* Given data *
◇ ◇ ◇ ◇ ◇
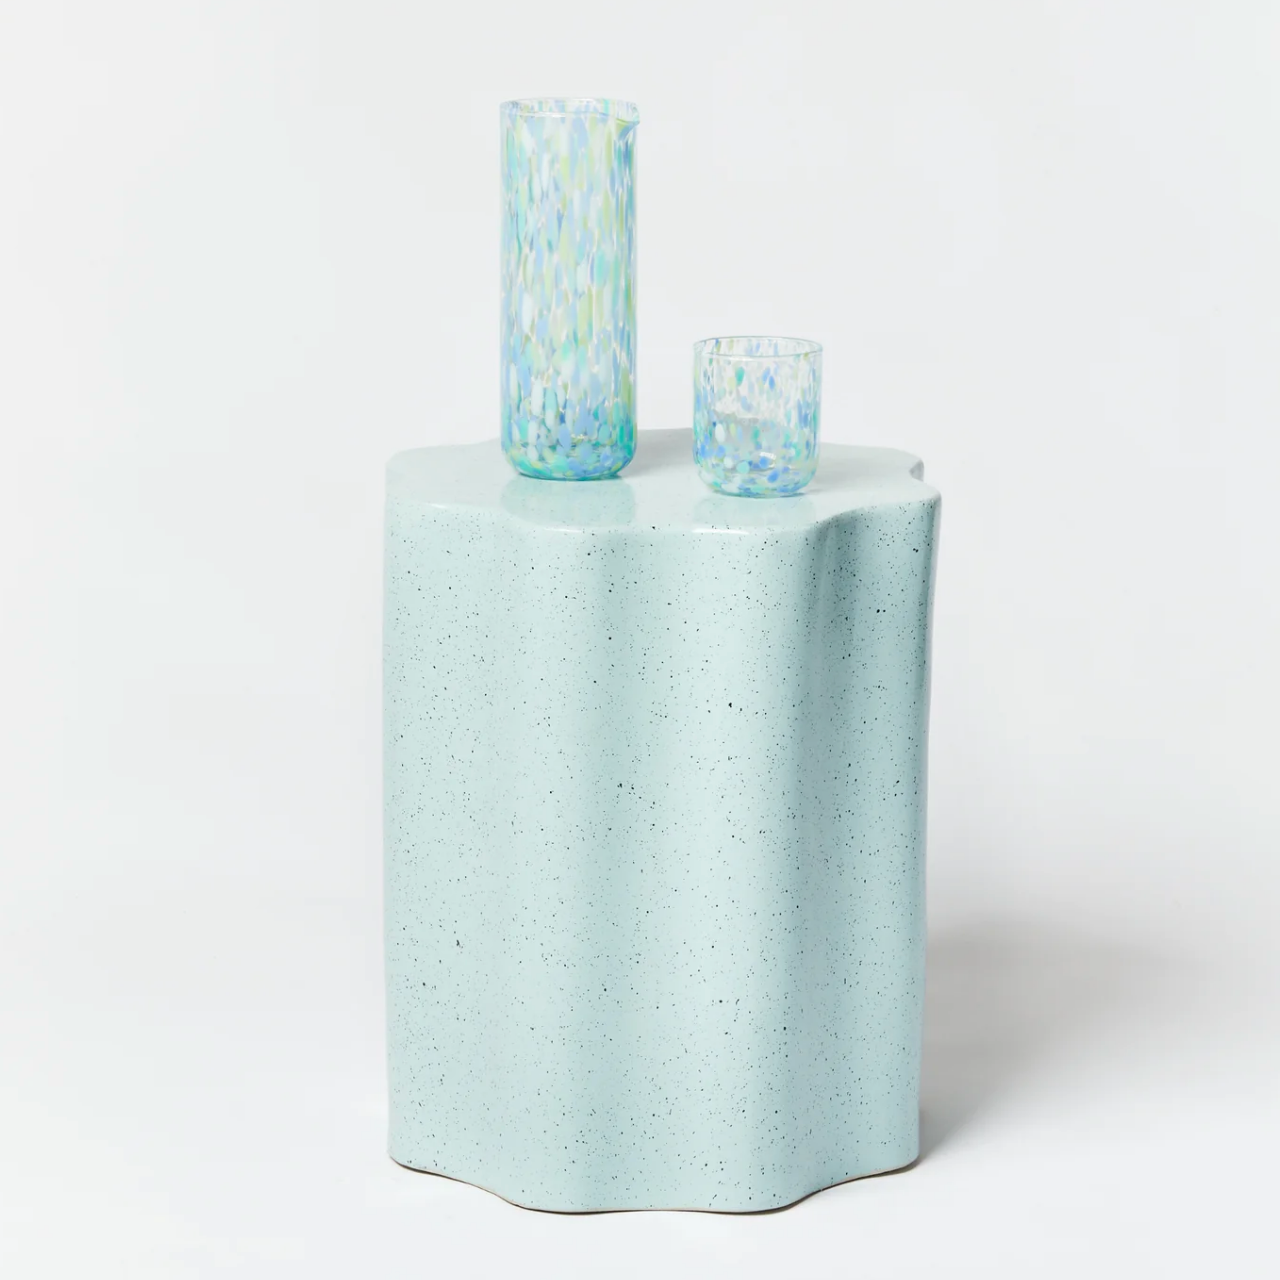 BONNIE AND NEIL WAVE SIDE TABLE: SPECKLE SOFT BLUE
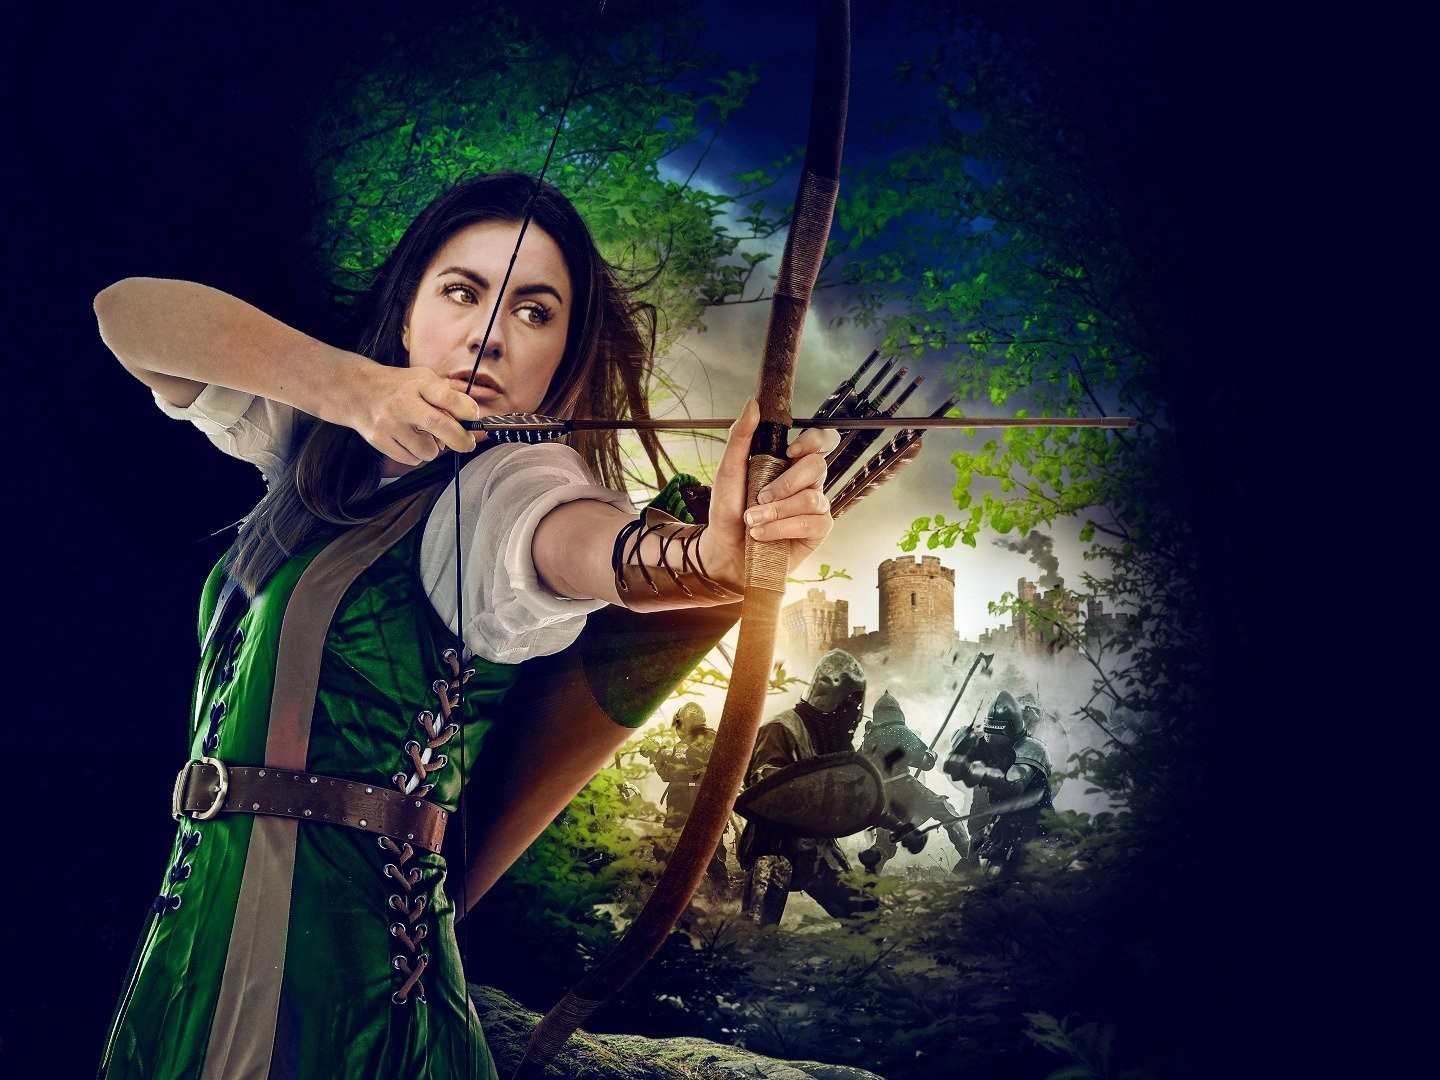 The Adventures Of Maid Marian Release Date, Cast, And Plot - What We Know  So Far
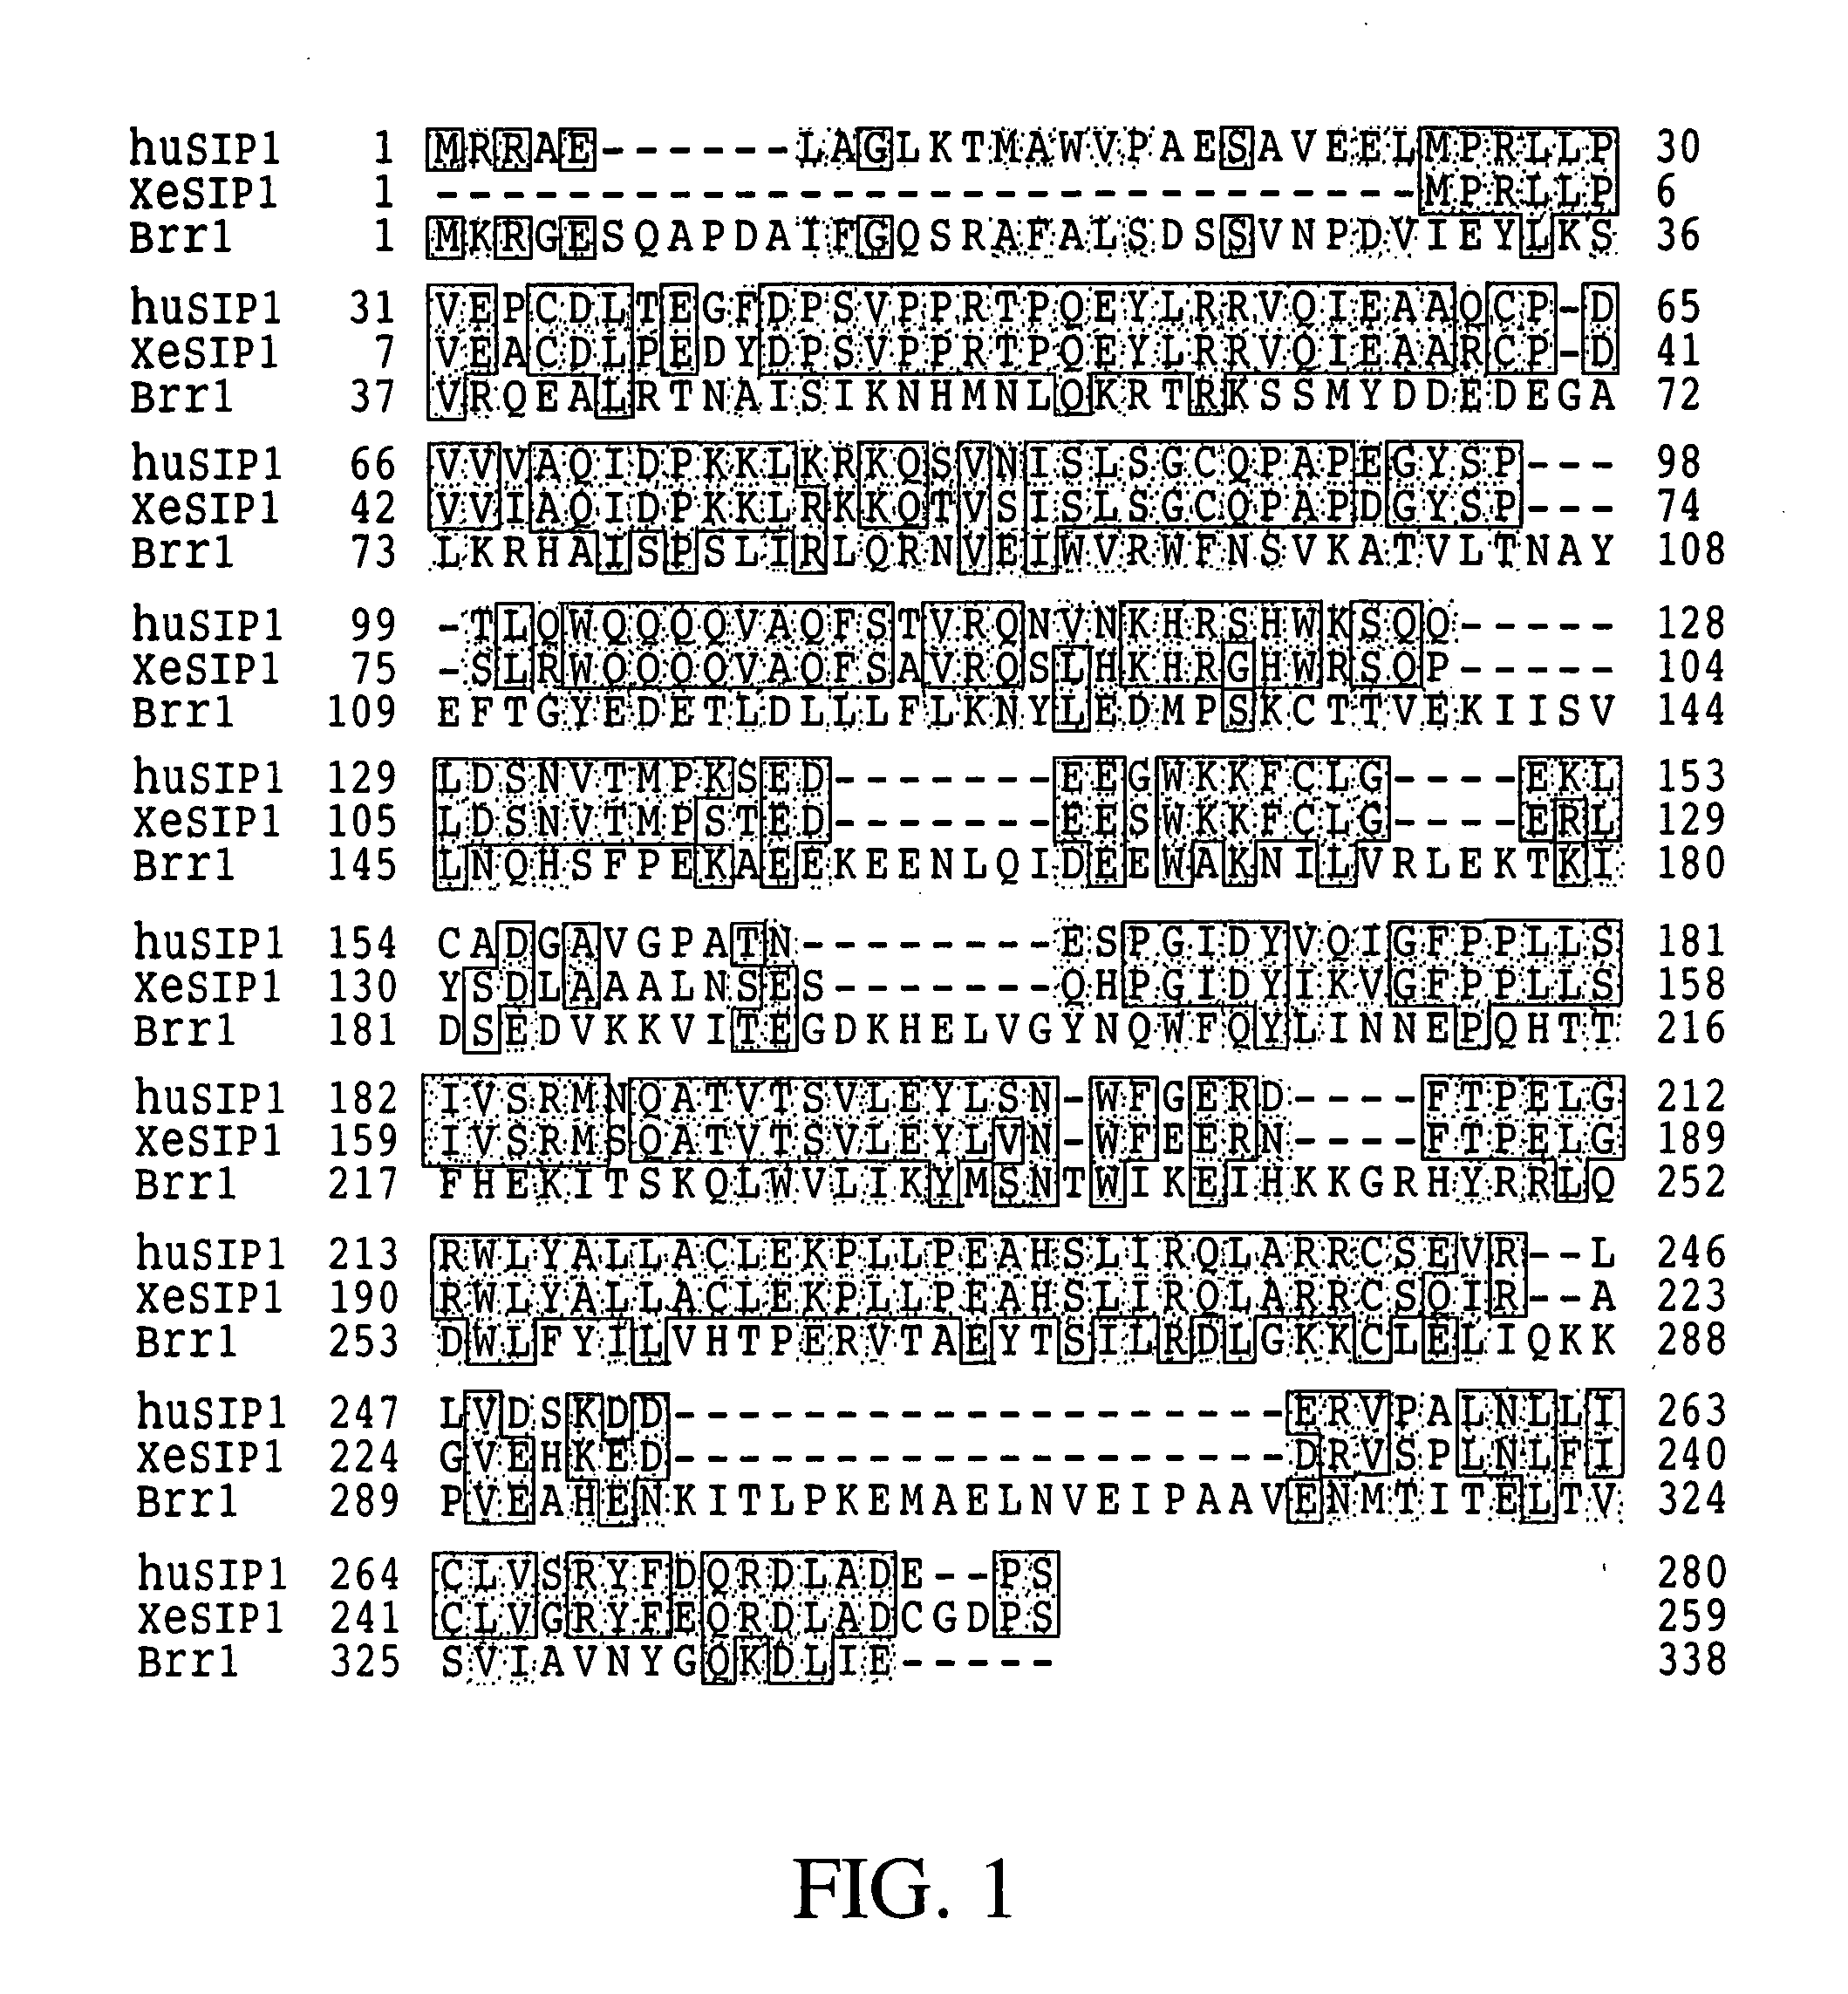 Compositions, methods, and kits useful for the diagnosis and treatment of spinal muscular atrophy
◇ ◇ ◇ ◇ ◇
* About this task *
In repeating the lines above, keep the wording exact and leave every picture out.

* Result of this exercise *
 BONNIE AND NEIL WAVE SIDE TABLE: SPECKLE SOFT BLUE
 The Adventures Of Maid Marian Release Date, Cast, And Plot - What We Know  So Far
 Compositions, methods, and kits useful for the diagnosis and treatment of spinal muscular atrophy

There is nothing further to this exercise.